Nous espérons que vous en savez davantage maintenant sur cet auteur et
nous  remercions très sincèrement Martin Page pour sa disponibilité et toutes ces réponses très éclairantes .

Pour en savoir plus :

-Le blog de l’auteur

-Sa bibliographie : en jeunesse et ses romans pour adultes

Plus tard je serai moi

En cette période d’examens, ce titre de roman « Plus tard je serai moi » écrit par Martin Page aux éditions Le Rouergue (collection Doado) ressemble à un défi lancé à bien des parents inquiets pour leur progéniture. Et si finalement, les plus stressés et les plus stressants, c’était eux ? Et si finalement, il suffisait de leur faire confiance à nos jeunes pour prendre en main leur avenir ?

Alice-A lire aux pays des merveilles, Carole-3étoiles et Drawoua-Maman Baobab ont accepté de partager cette lecture pleine de fantaisie et d’humour avec Pépita-Méli-Mélo de livres.

Image

 

Pépita : Quelle est la raison principale qui vous a poussée chacune à avoir envie de lire ce livre ?

Carole : C’est très subjectif mais j’assume : l’auteur et l’éditeur sont pour moi deux incontournables ! J’adore cette collection, j’adore Martin Page ! Donc ce n’était pas négociable qu’il ne passe pas entre mes mains ! Et puis le titre et la photo de Théo Gosselin en couverture, forcément !

Alice : La proposition sur cette lecture commune a coïncidé  avec mon arrivée sur A l’ombre du grand arbre et je me suis lancée dans le grand bain sans trop réfléchir. Entre temps, j’ai participé à la lecture sur «Encore heureux qu’il ait fait beau» qui a démarré plus tôt. J’en conviens le titre est accrocheur et il interpelle forcément. Une bonne formule, tellement convaincante ! Martin Page ne m’était pas inconnu mais sans que ce soit un auteur dont je sois totalement fan.

Drawoua : Comme Carole, le titre du roman très incitatif et en même temps poétique, l’auteur dont j’ai la curiosité sans l’avoir auparavant lu et la maison d’édition qui fait partie de mes favorites. Dit comme ça, cela ne vous inciterait pas à la lecture, vous ?

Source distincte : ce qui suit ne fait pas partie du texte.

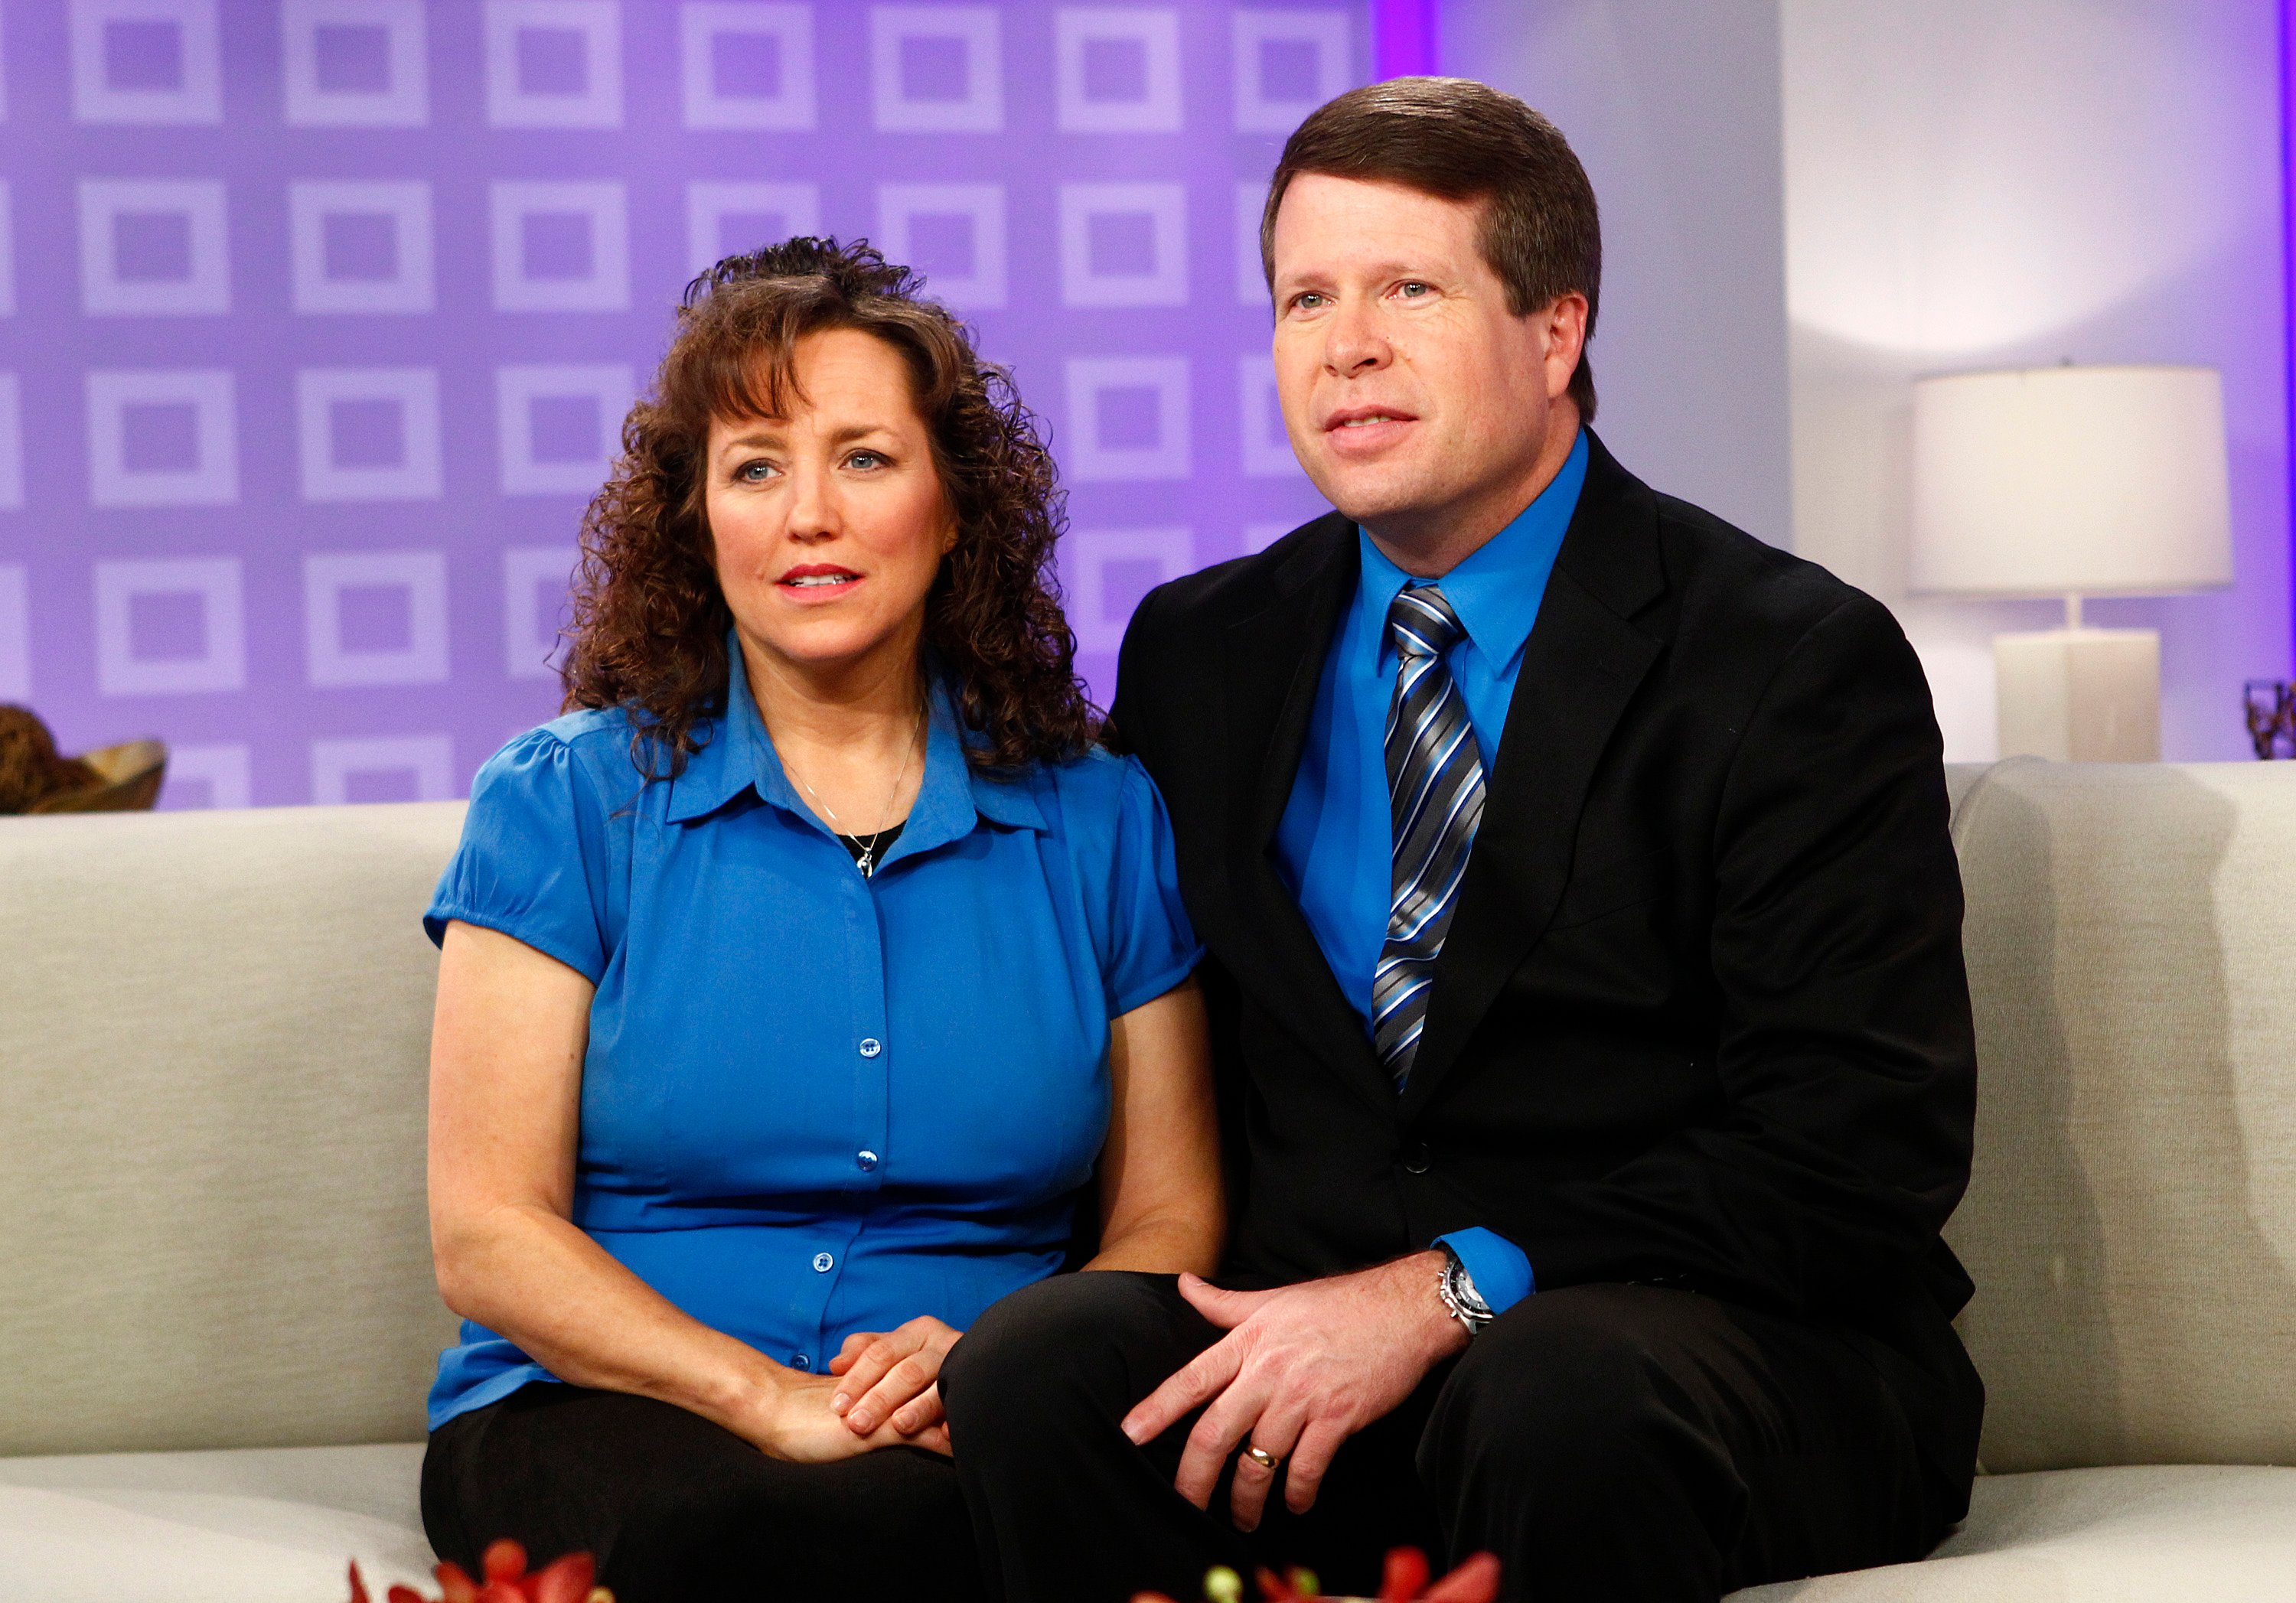 Michelle Duggar and Jim Bob Duggar sitting on a couch during an appearance on the 'Today' show
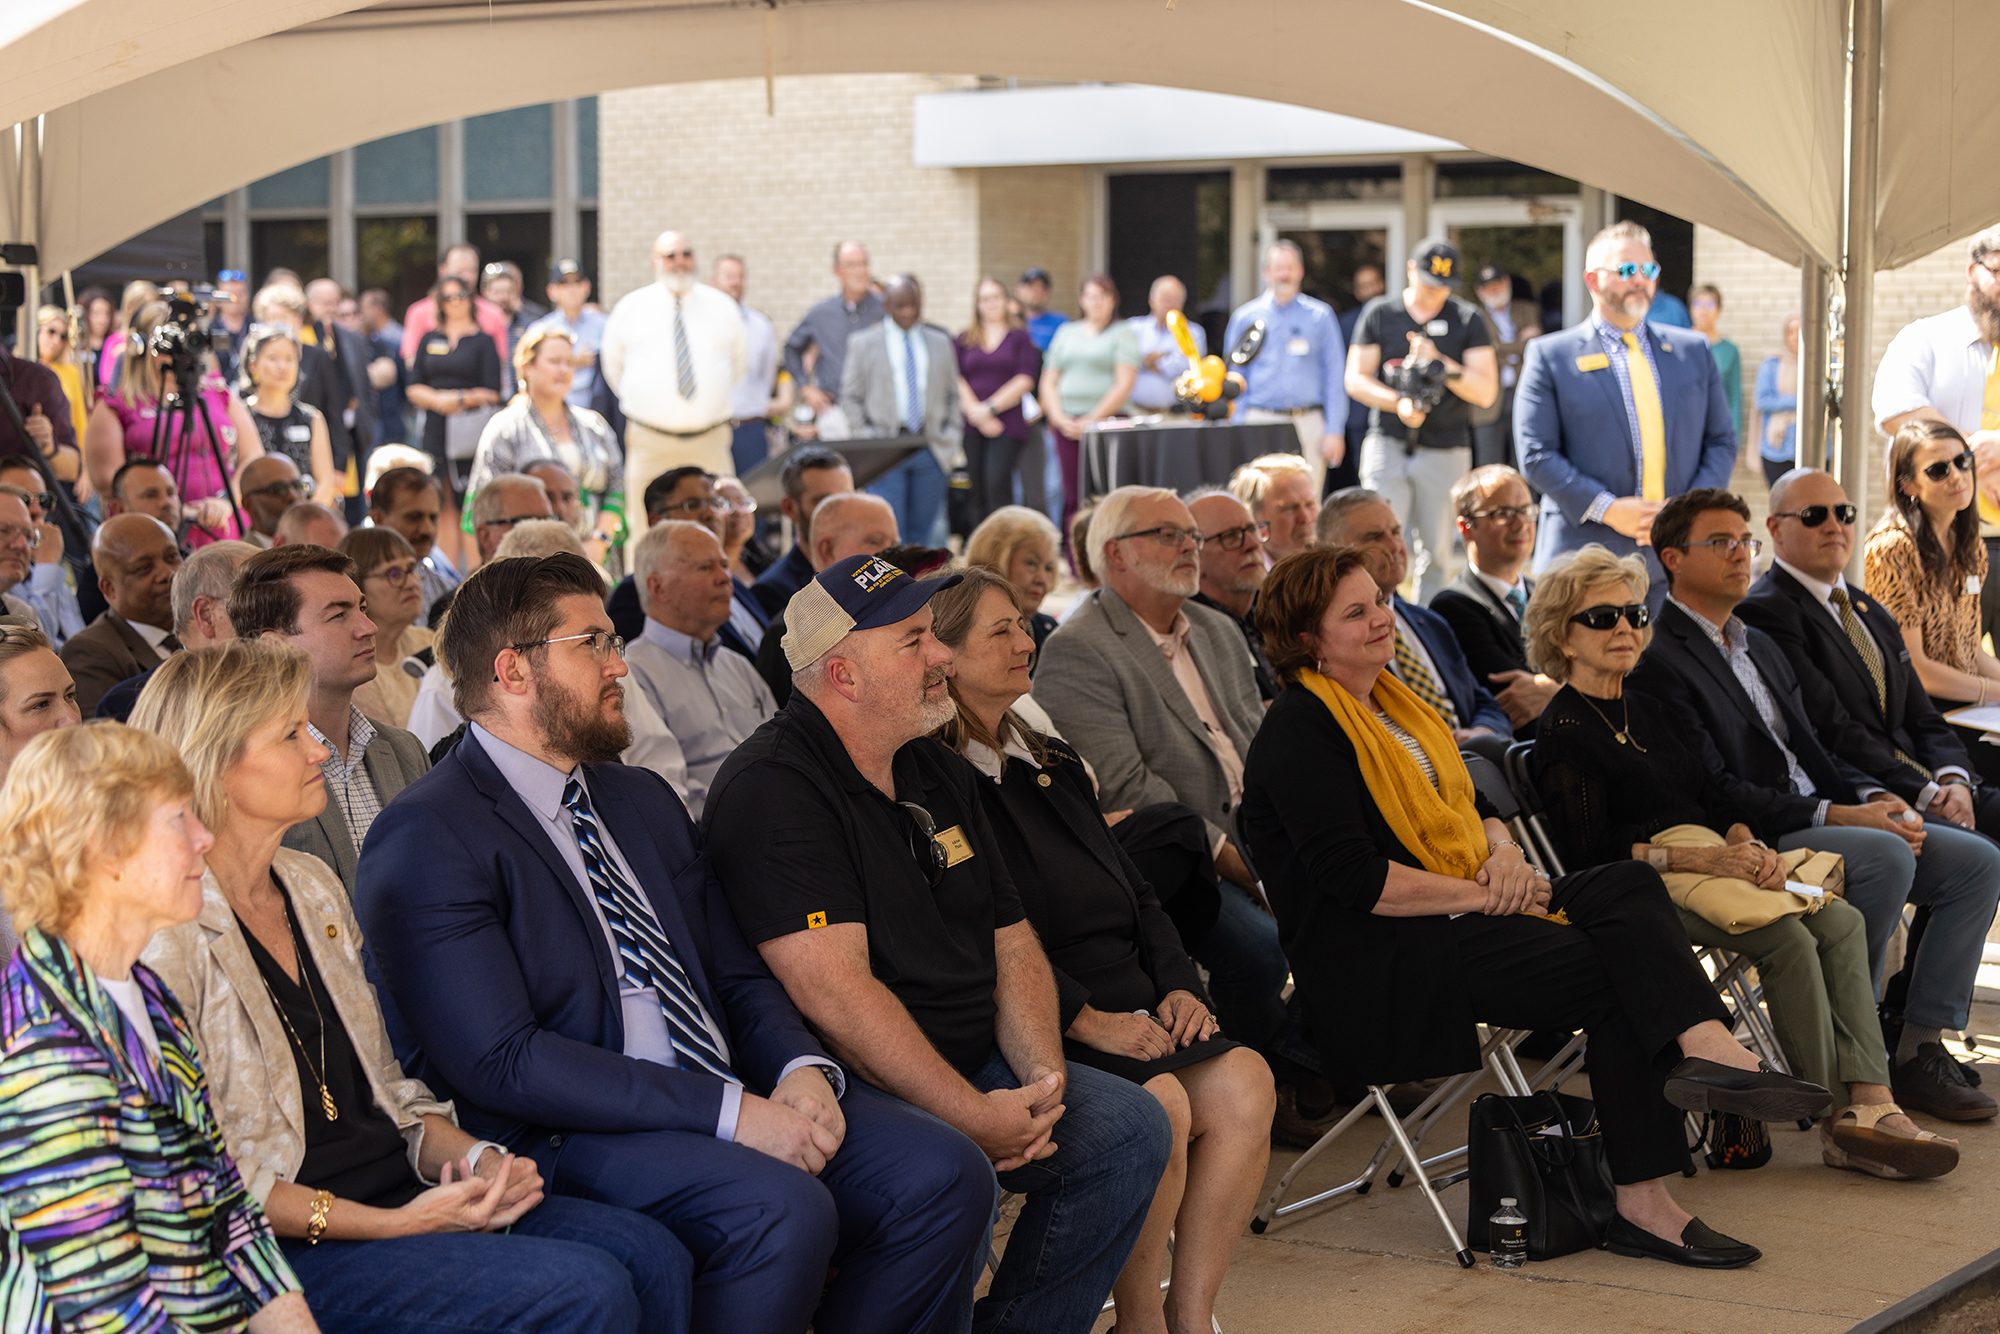 Audience members from across the University of Missouri, the state of Missouri, and around the country gathered at the University of Missouri Research Reactor to commemorate the groundbreaking of MURR West, a new 47,000-square-foot addition to the MURR facility.

Pépita : Cela rejoint totalement mon envie, à la différence que j’ai déjà lu des livres de cet auteur. C’est carrément le titre qui m’a accrochée : je trouve cette formule épatante. Martin Page a toujours le don de trouver des titres percutants ! Et je trouve que cette formule peut s’appliquer non seulement à des jeunes en devenir mais aussi à tout un chacun lorsqu’il se retrouve à un carrefour de sa vie. C’est une formule pleine de liberté et d’ouverture sur les possibles.

Carole : Le titre est beau oui. Et effectivement comme tu le soulignes Pépita, Martin Page est doué pour la formule !

Pépita : Chacune votre tour, un petit topo sur l’histoire ? Juste pour donner un aperçu à nos lecteurs…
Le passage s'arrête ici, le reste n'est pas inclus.